> _Your task_:
Please return every line of the material verbatim and skip any images.

> _Information supplied_:
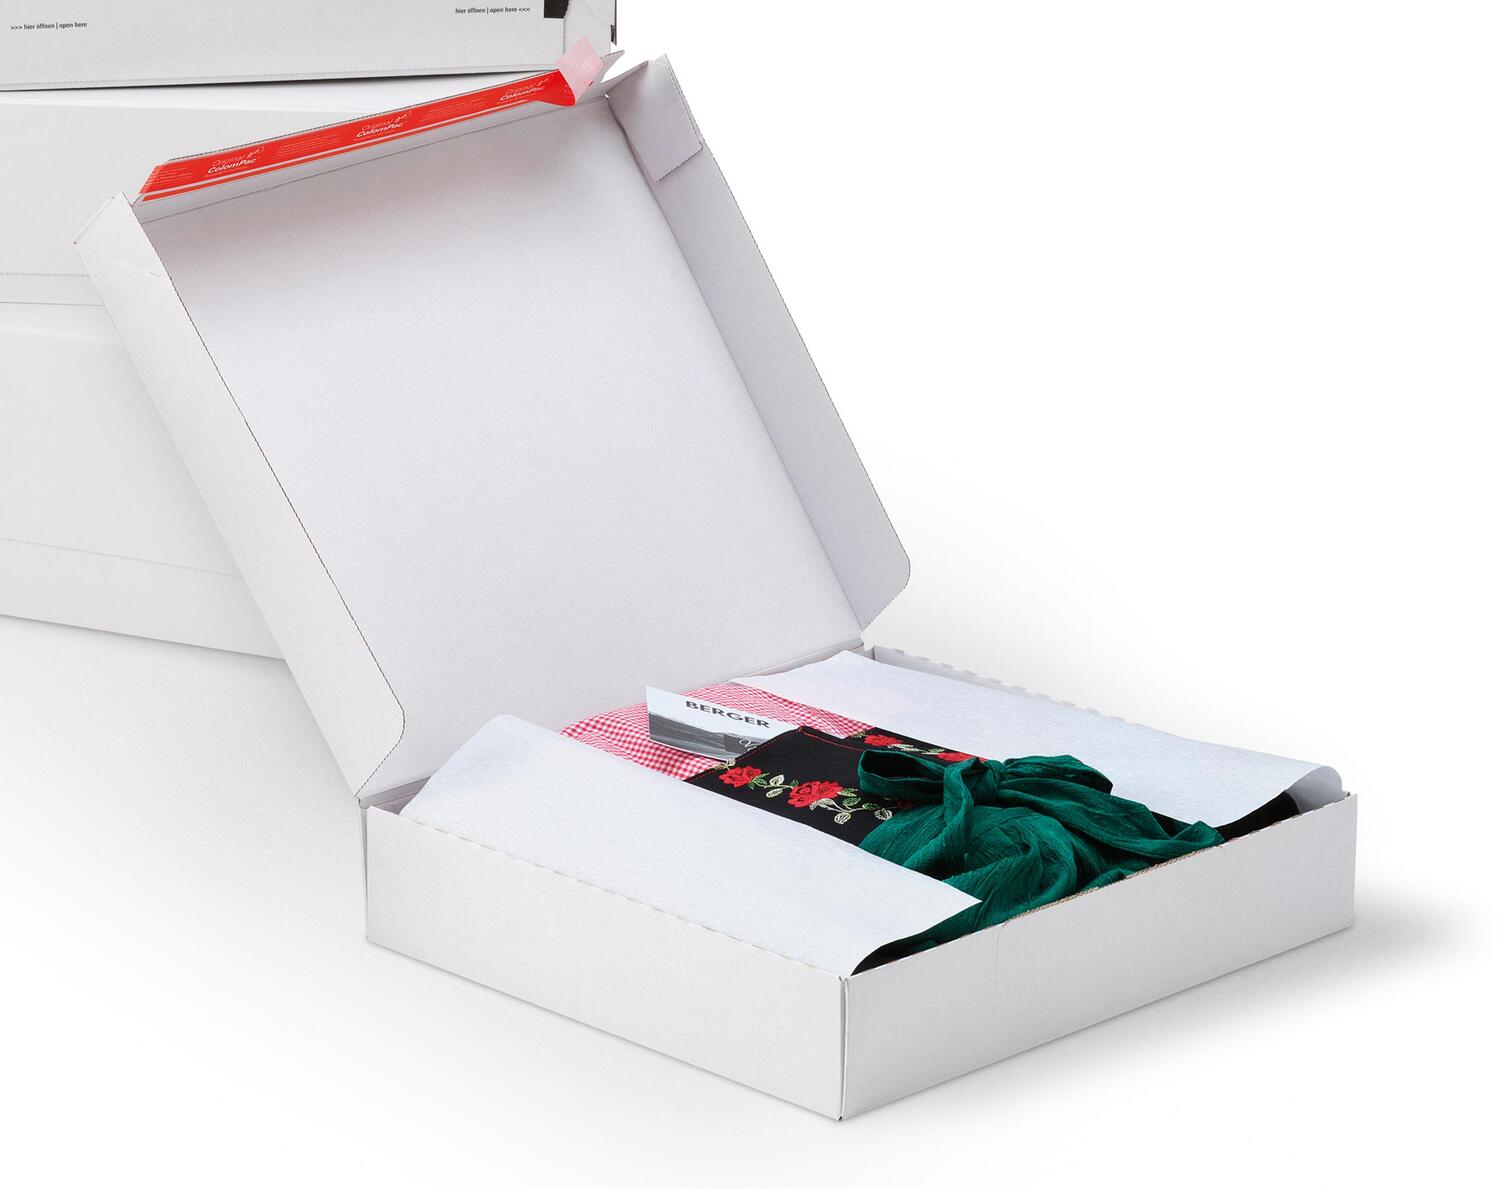 ColomPac Fashionbox 455 x 390 x 200mm mit Selbstklebeverschluss & Aufreifaden wei
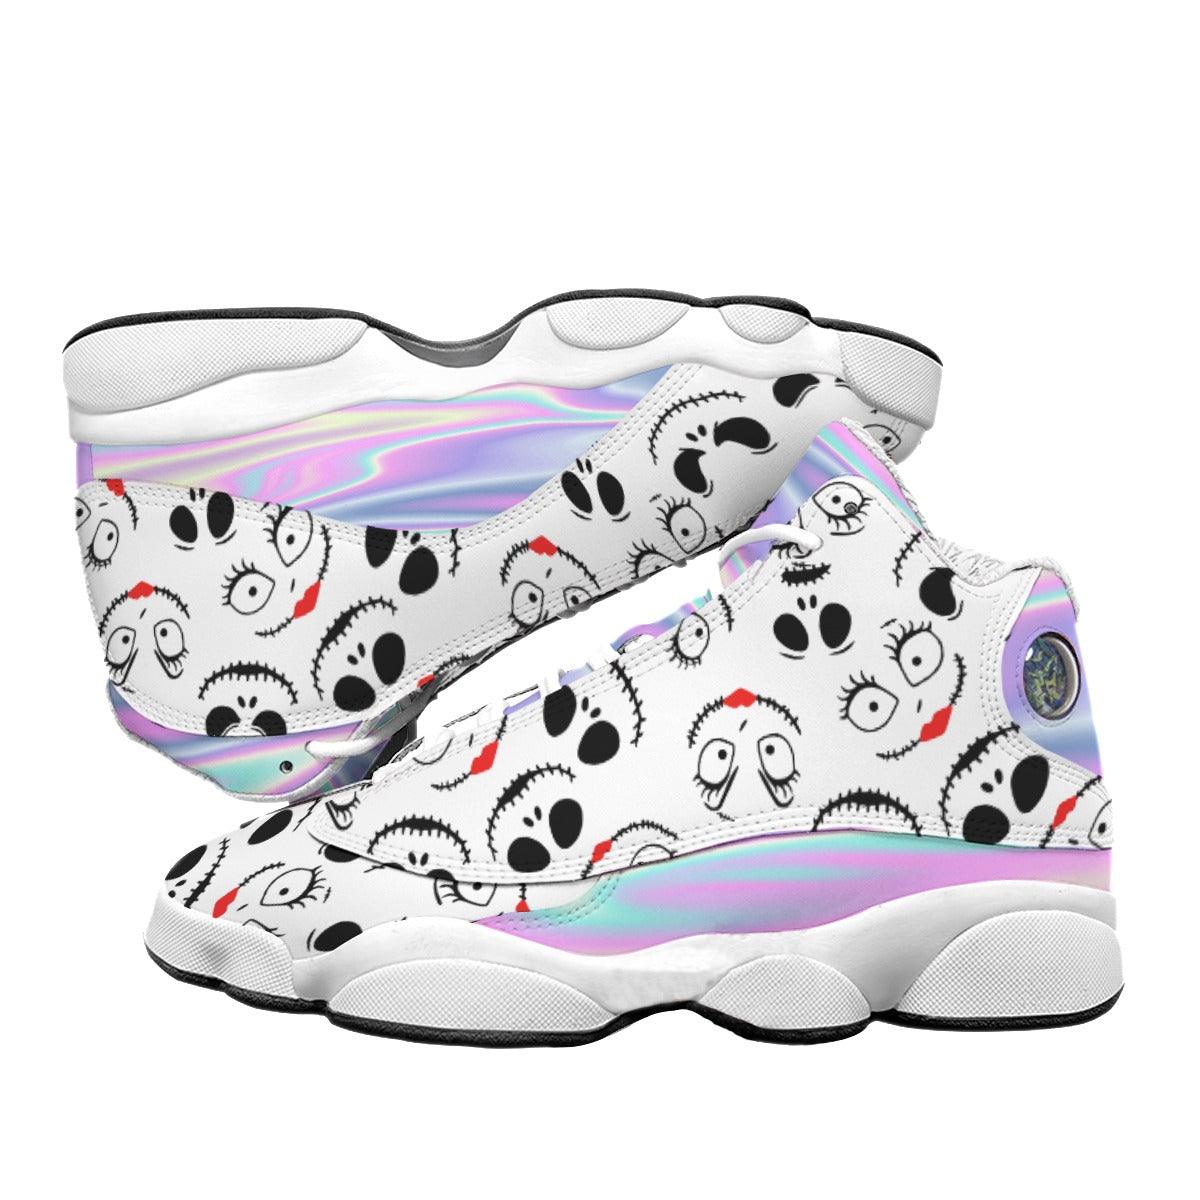 Nightmare Hologram Pattern Men's Curved Basketball Shoes - Wonder Skull
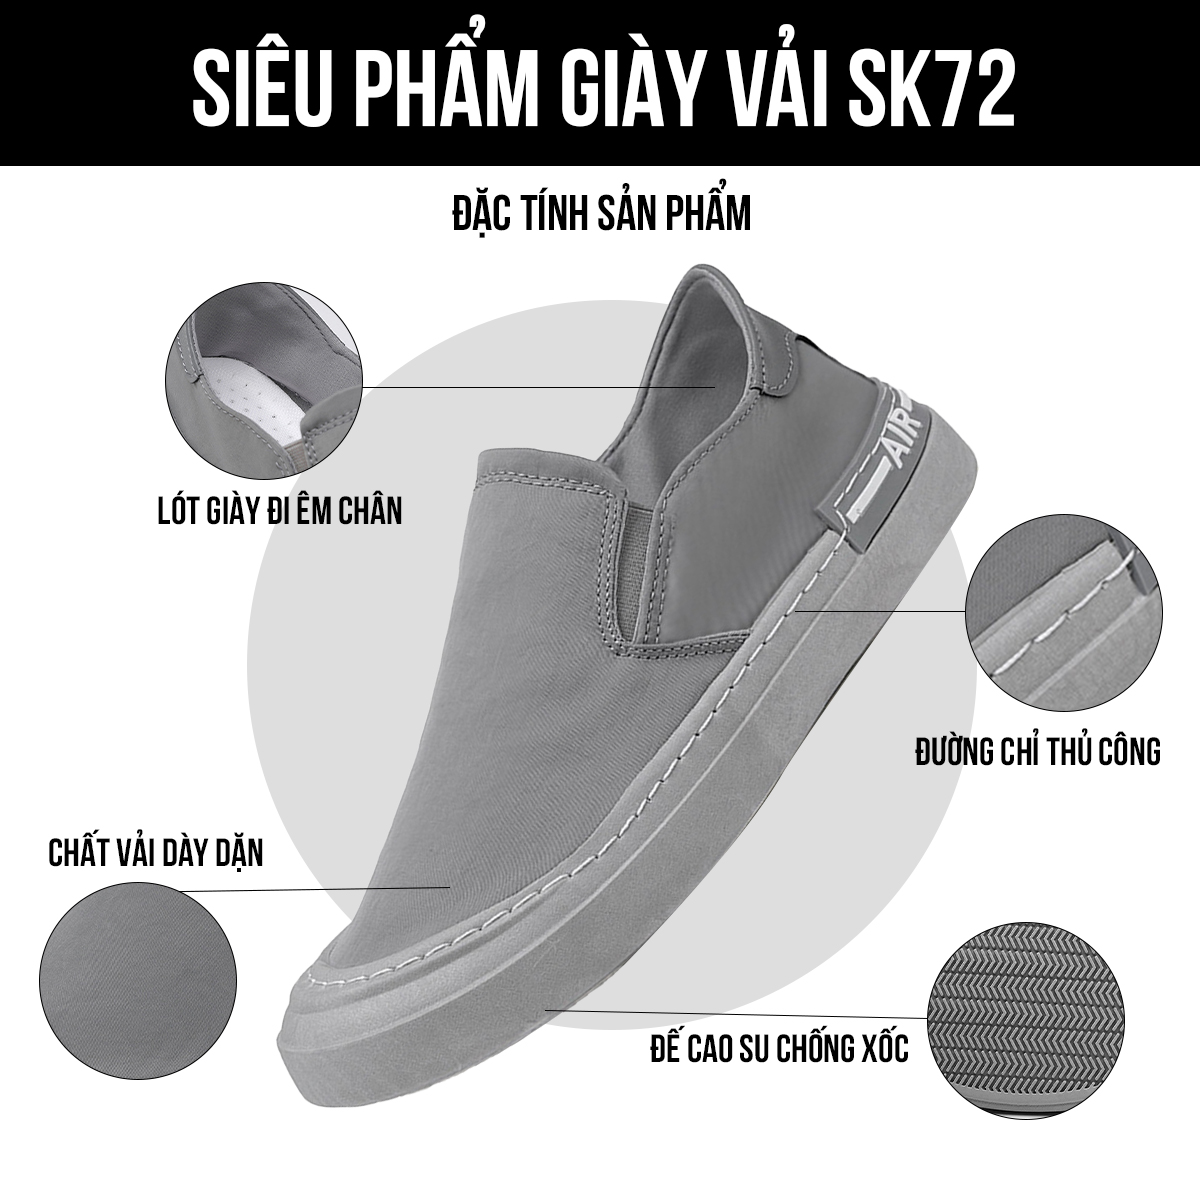 Giày vải nam SK72 đặc tính sản phẩm

> _Response for this exercise_:
 ColomPac Fashionbox 455 x 390 x 200mm mit Selbstklebeverschluss & Aufreifaden wei
 Nightmare Hologram Pattern Men's Curved Basketball Shoes - Wonder Skull
 Giày vải nam SK72 đặc tính sản phẩm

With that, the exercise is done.